Sinn Fein is up for the challenge of building a new, democratic and inclusive society based on equality. We believe that can best be achieved in a new Ireland which embraces all the people of the island.

Earlier this year Sinn Fein called for a date to be set for a border poll, which is allowed for under the Good Friday Agreement.

We believe that such a poll will provide a unique opportunity for a historic debate on the failures of partition and on the future shape of this island.

The adverse impact of partition means that the economic potential of the island of Ireland has been severely stunted.

The additional and unnecessary costs of running two competing economies and states on an island this size, the inefficiencies in the duplication of essential public services such as health and education, energy and agriculture, and a relatively small population have added significantly to the financial, political and social consequences faced by citizens.

Partition created two conservative states on the island.

In the north this led to institutionalised and structured discrimination and sectarianism and to decades of division and conflict. However, despite the efforts of tiny minorities to cling to the past, the peace process has dramatically changed the situation and allowed an entire generation to live in relatively peaceful conditions.

One consequence of this is that the political geography of the north has begun to change. The northern state was gerrymandered to allow for a permanent unionist two-thirds majority.

Three of the nine Ulster counties were jettisoned to guarantee this. But the census figures of last year reveal a shift that gives hope that political dialogue, stability and persuasion can achieve even more deep-rooted change.

For too long there has been a presumption that Protestants are unionists and Catholics are nationalists or republicans.

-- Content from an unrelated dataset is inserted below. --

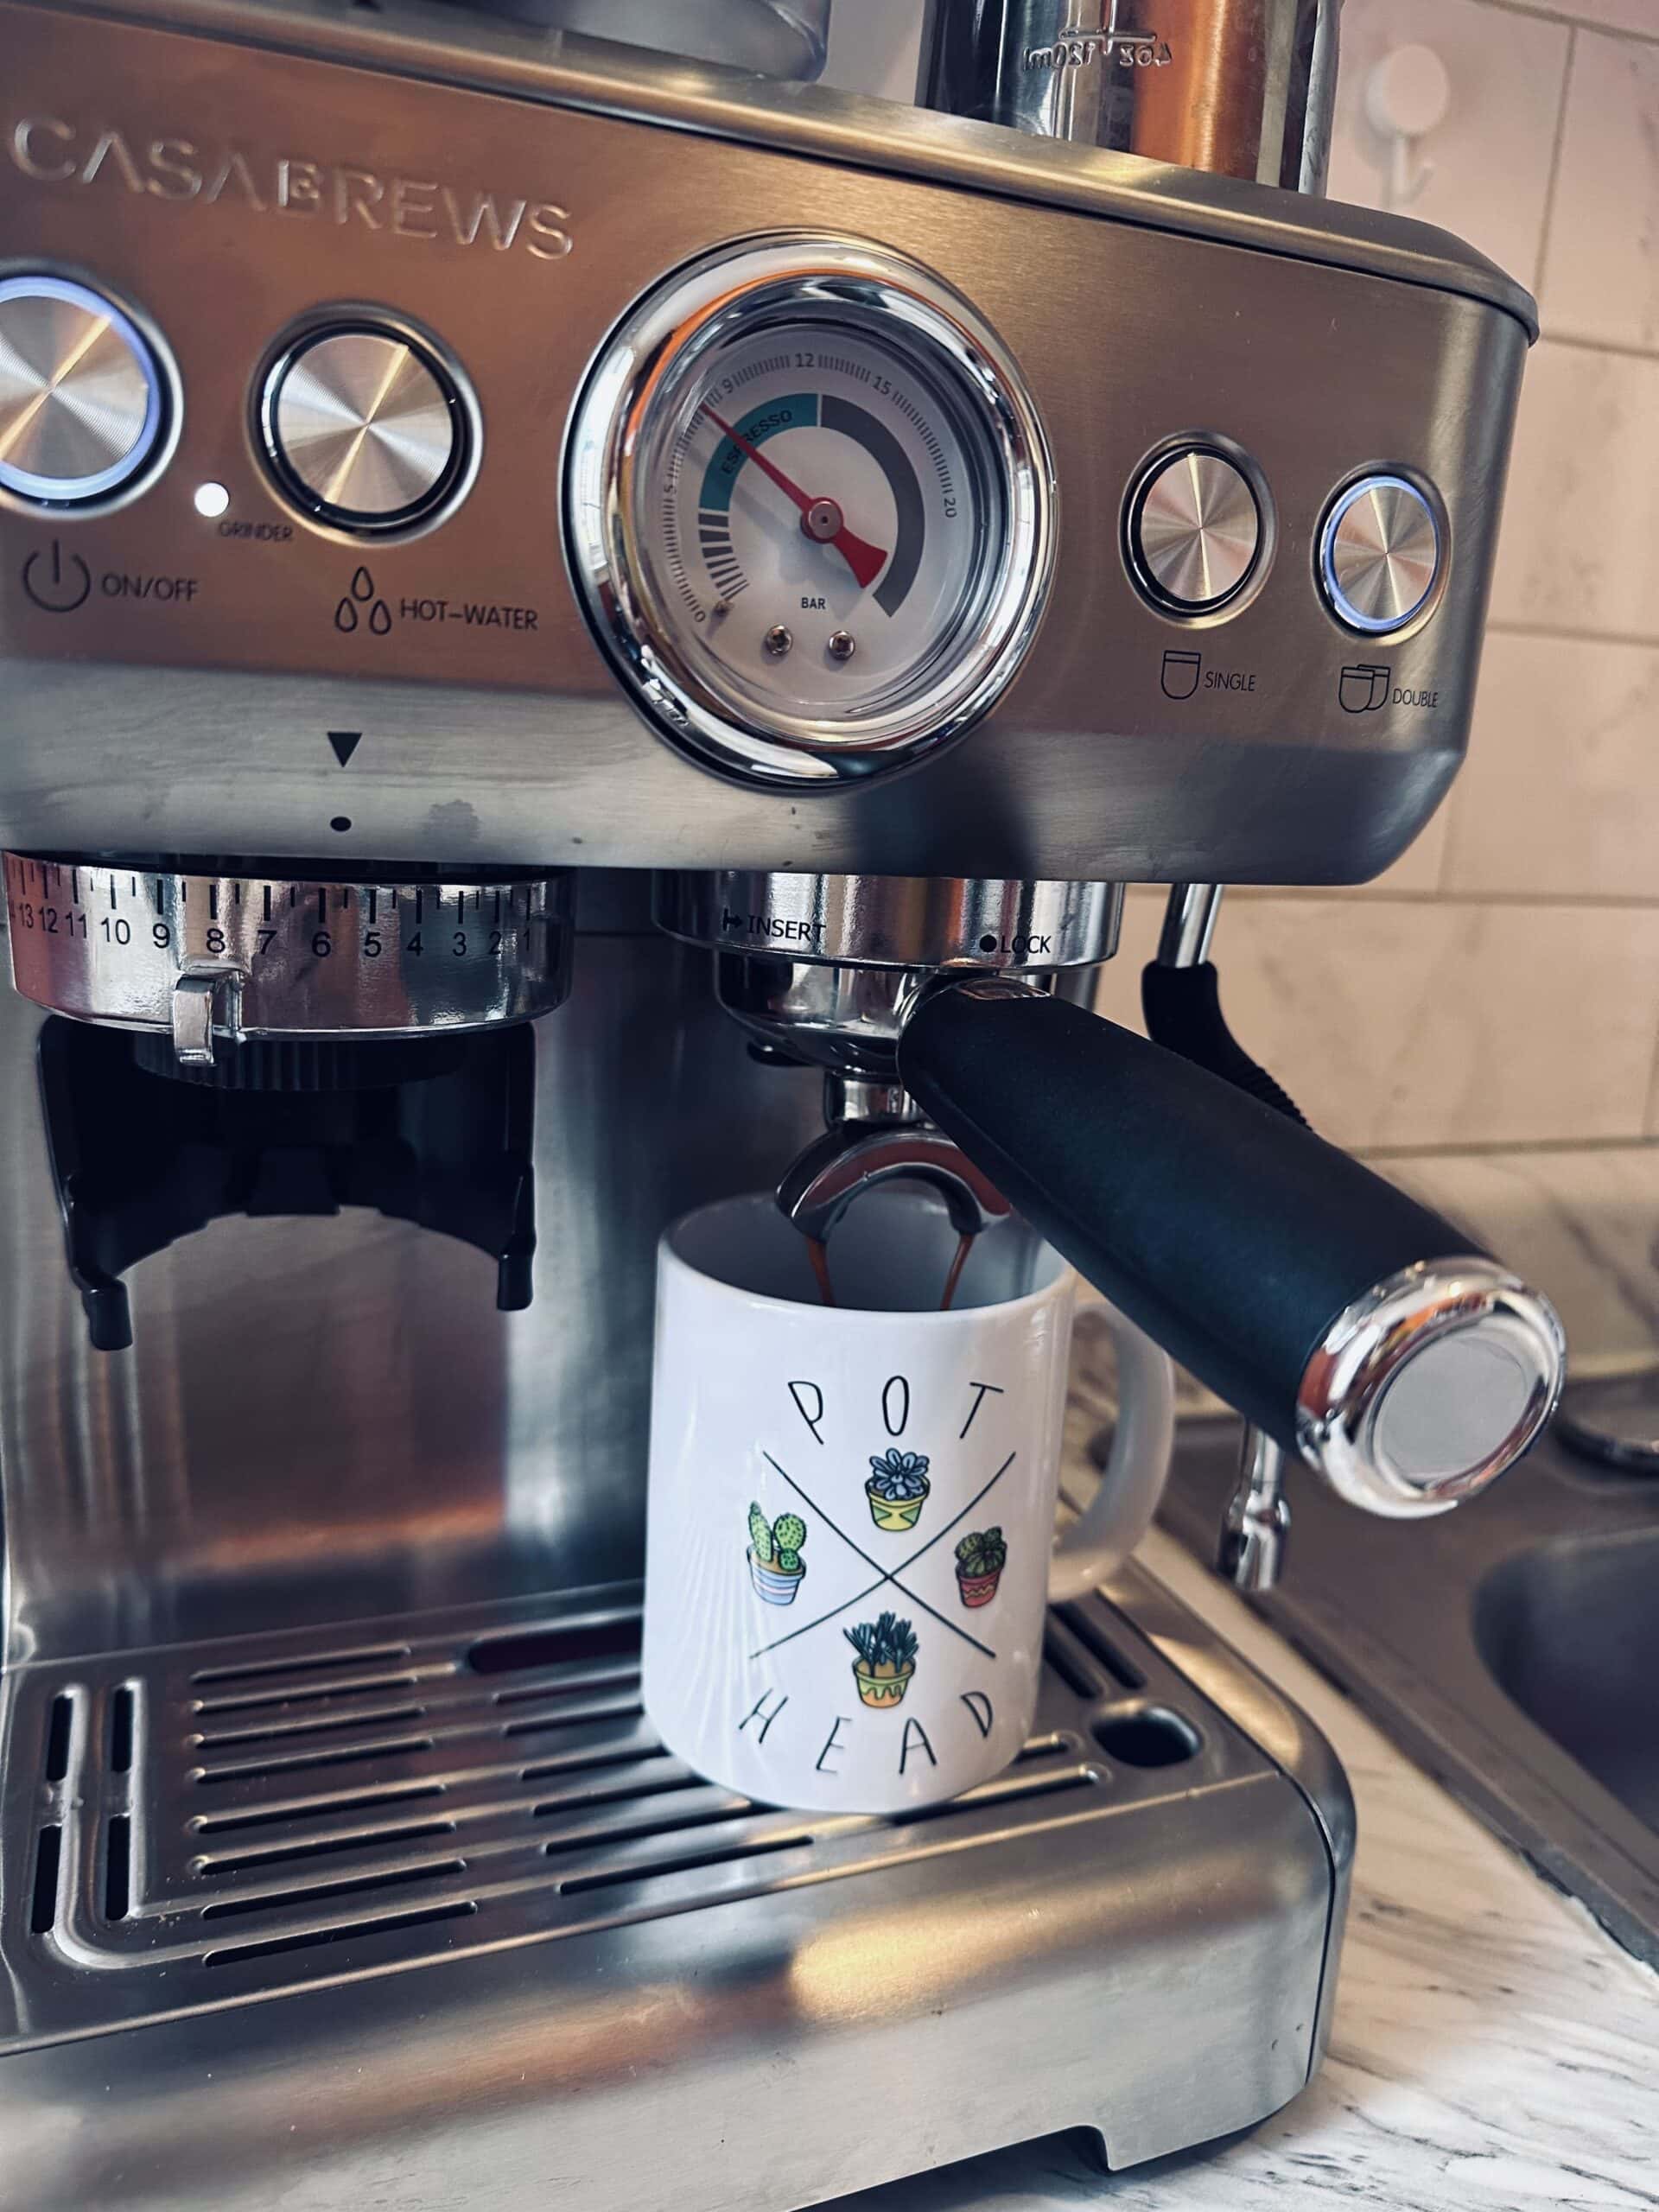 Casabrews Espresso Machine brews a cup of espresso

It was never that simple. Now, for the first time, statisticians were able to ask a question about identity. The results were very interesting. Less than half the population – 40 percent of citizens – stated that they had a British only identity.

A quarter, 25 percent, stated that they had an Irish only identity and just over a fifth, 21 percent, had a Northern Irish only identity.

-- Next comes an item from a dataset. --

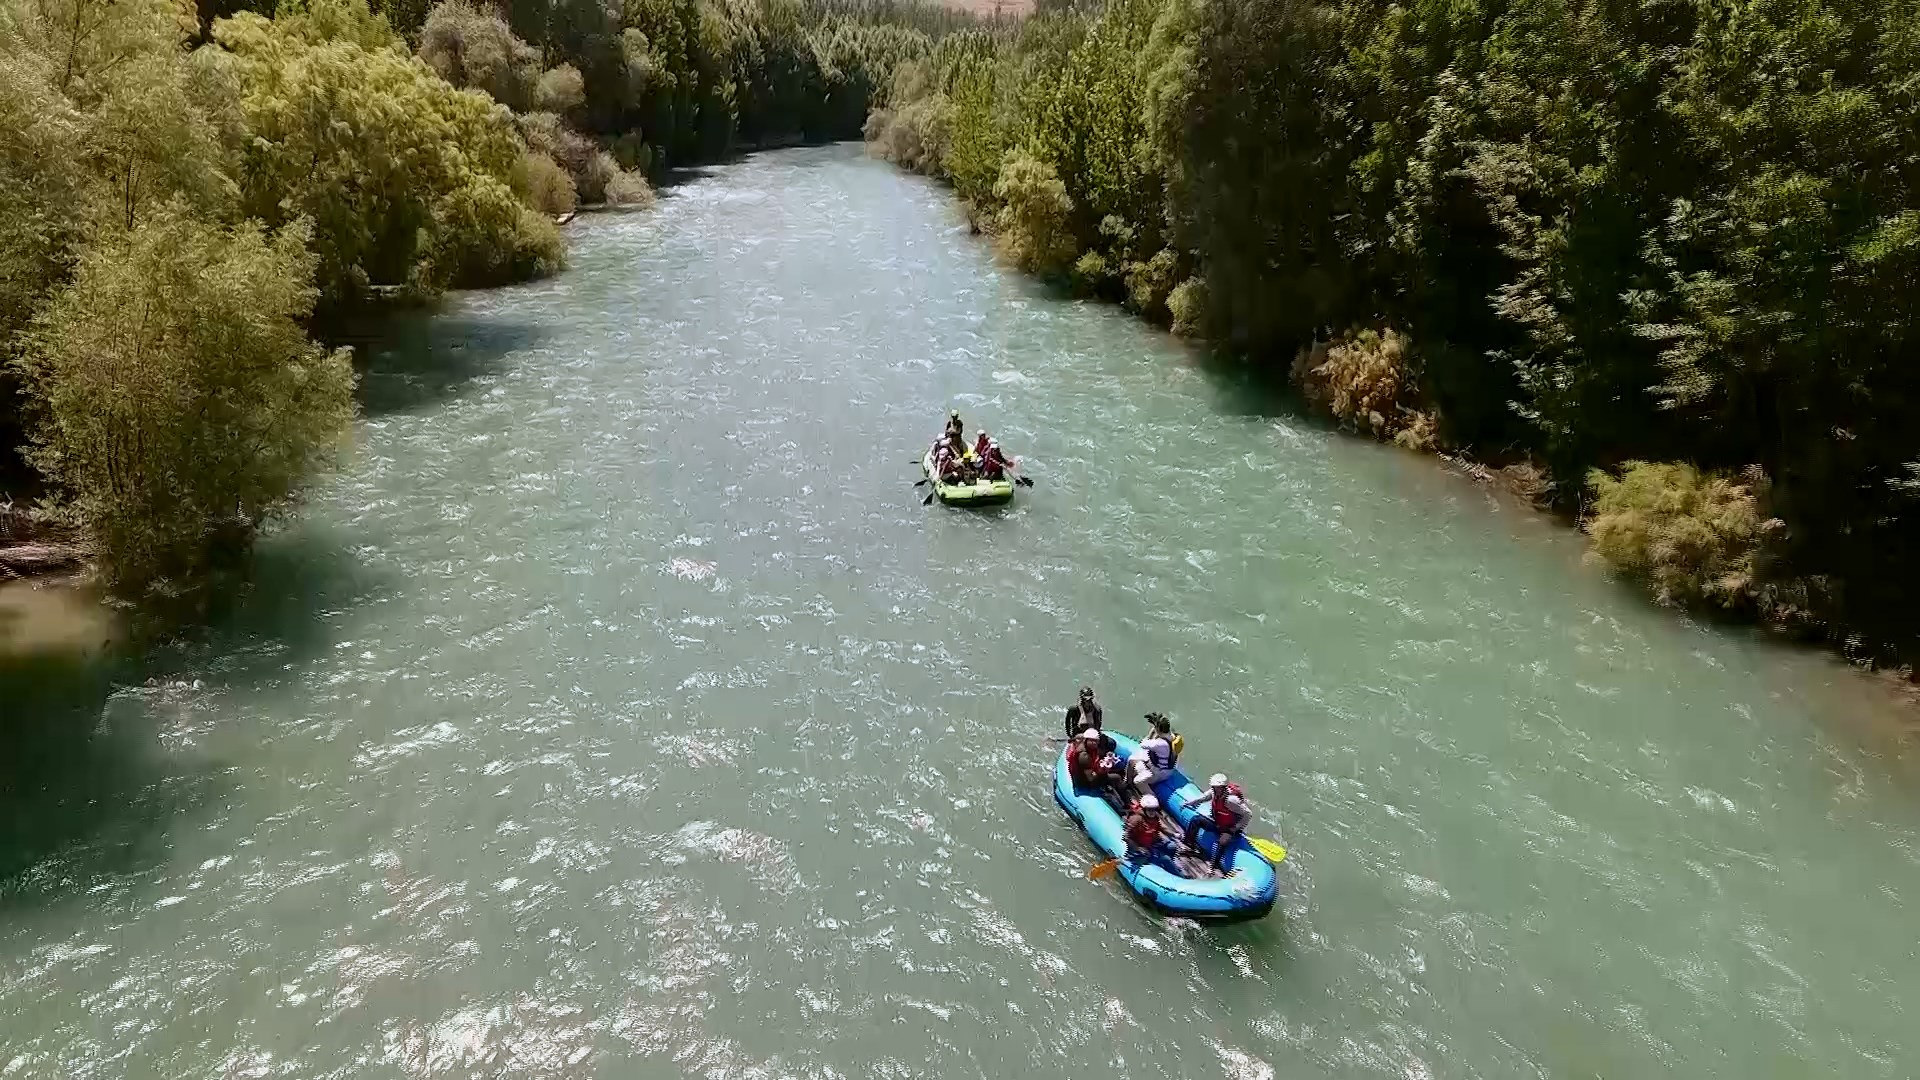 رفتینگ در زاینده رود, Rafting in Zayandehrud River

That’s 46 percent of citizens consciously opting for some form of Irish-only identity.

Statisticians and politicians will argue over the significance of this. But what is certain is that the north is in transition. It is no longer an orange state. Politics across this island is in flux. A new Ireland can be what we make it.

The border poll is a key element of this.

It provides an opportunity to focus on the future – to build a modern, dynamic new Ireland in which there is genuine reconciliation, and out of which a more equitable society can emerge.

Crucially it is about letting citizens, not governments or political parties or interest groups, determine the future. Of course this is a huge challenge. Change is not easy. But change is necessary. And those of us who want to shape that change, so that equality and a rights-based society can prosper, have a duty to proactively listen to the concerns of unionists.

They are fully entitled to be part of this process and the new Ireland which emerges has to be one which reflects their rights alongside the rights of other citizens.

That in many ways will be the test of our endeavours.

Gerry Adams is president of Sinn Fein and was a keynote speaker at Towards a New Ireland – a New Phase of the Peace Process conference, hosted by Sinn Fein at the London Irish Centre.